Barbie 2015 Ballet Wishes
Barbie Dolls are the Oscars of the Brazilian waxing world.
These dolls are female equivalent of the castrati which used to make up church
choirs in the l7th century. They do sport breasts, but in an act of collusion with pedophile culture,
pre-adolescence has become the stylistic model for 21st century
femininity with its marked absence of pubic hair. However wouldn’t it be
wonderful to create a whole new line of adolescent Barbies with both budding
breasts and a down covering the mons pubis and tufts of the kind of angry
armpit hair that actresses used to sport in l950’s Italian neo
realist films? Each Barbie would come with its own training bra and tampon set
and there would even be dolls which employ little Heinz ketchup bladders. How about a Barbie who conveys the so-called “facts of
life” (like the dolls made by a company called Amamanta which advertises their potential use as "sex education props”)? The new Barbie would also come with a revitalized Ken, replete with a strap-on, chest hair and its own pubic bush.
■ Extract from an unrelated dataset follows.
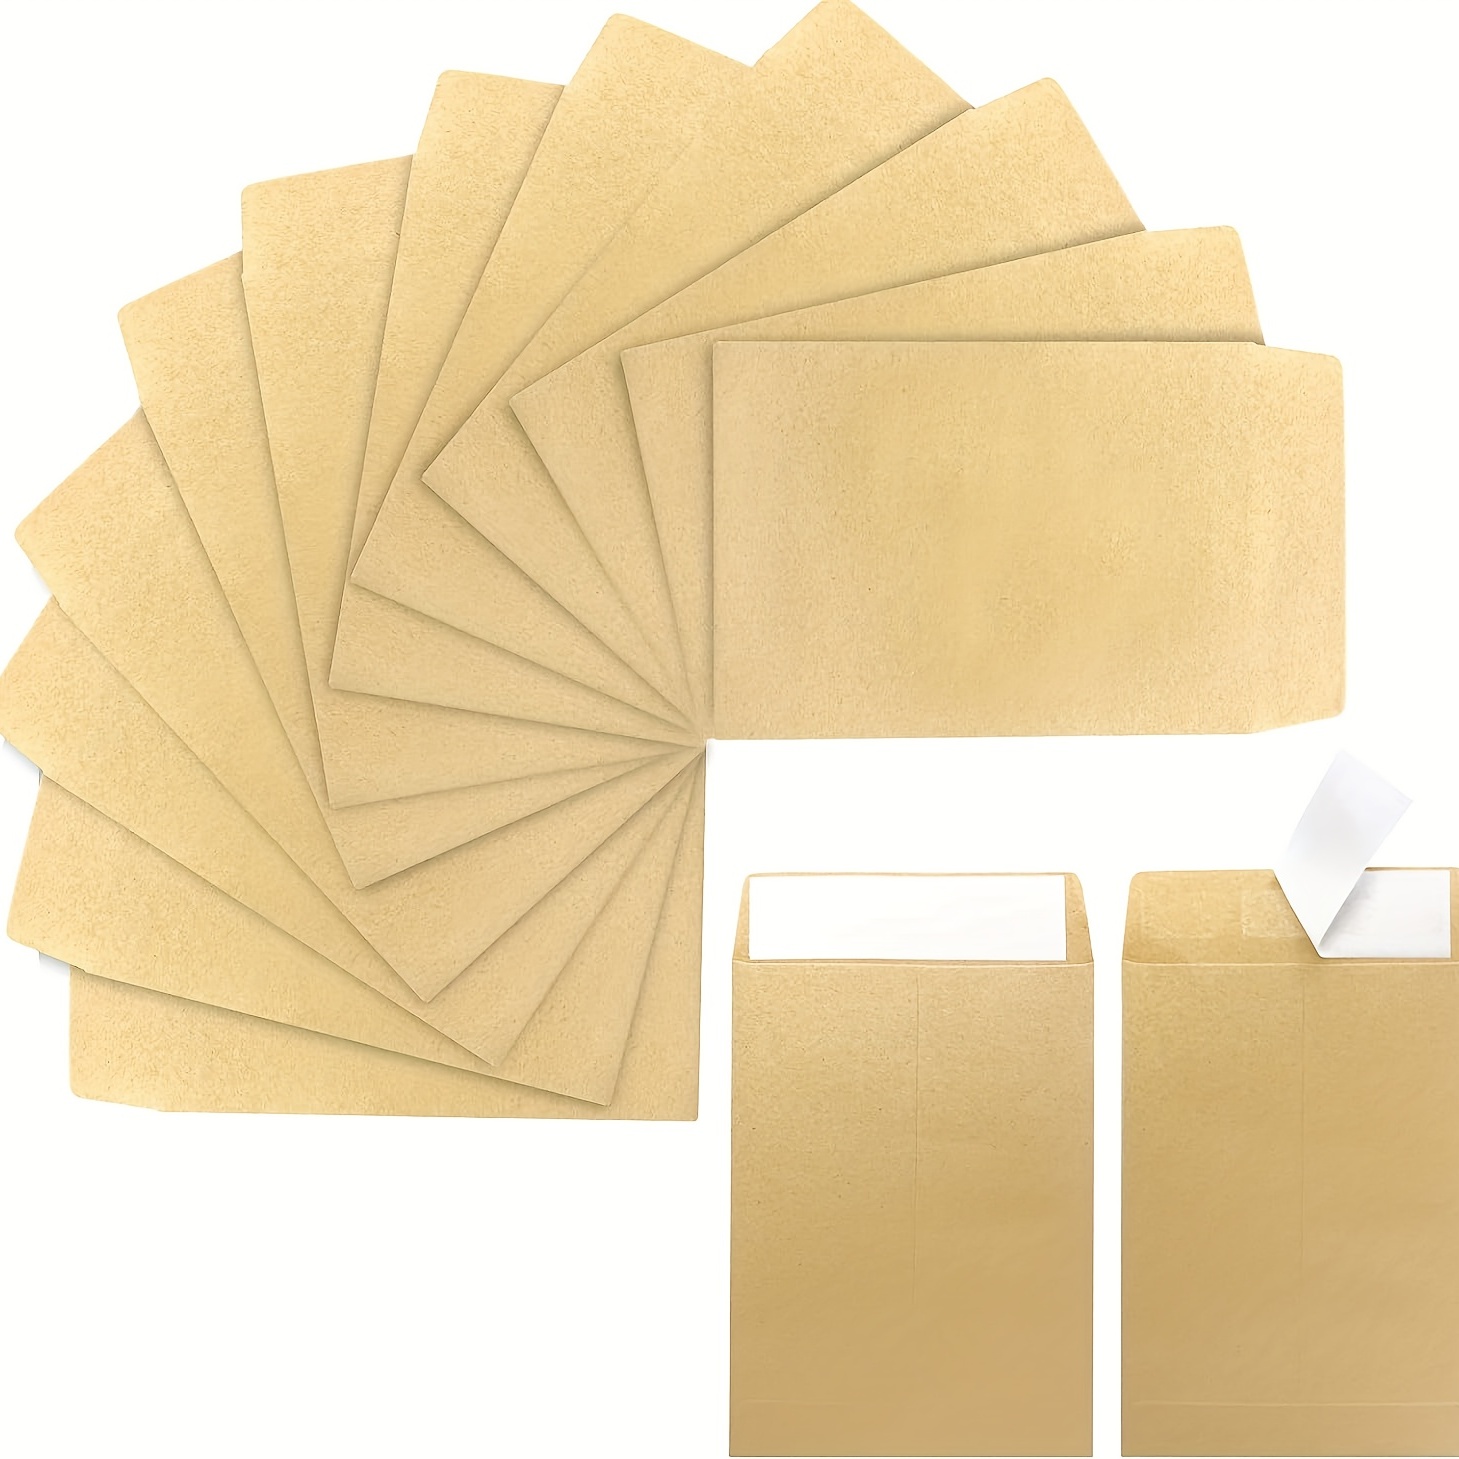 100 Pack White Kraft Small Coin Envelopes Self-Adhesive Seed Envelopes Mini Parts Small Items Stamps Storage Packets Envelopes for Garden, Office or

This Ken would be
capable of hooking up (and using apps like Tinder) and with the help of a hydraulic elevator mounting and
even dry humping his female counterpart. What a relief to finally have a doll
that had some relationship to reality, a doll that could be used as learning and even therapeutic tool. The anti-septic Barbie existence that young girls are brought up
in and that then gets reinforced when they're hustled off for their first wax
(to remove the scourge of dreaded pubic hair) is a new form of Cinderella Complex, offering as it does a perfect palette for the self-hating creature
who seeks to hide behind a veneer of antiseptic polished appearance.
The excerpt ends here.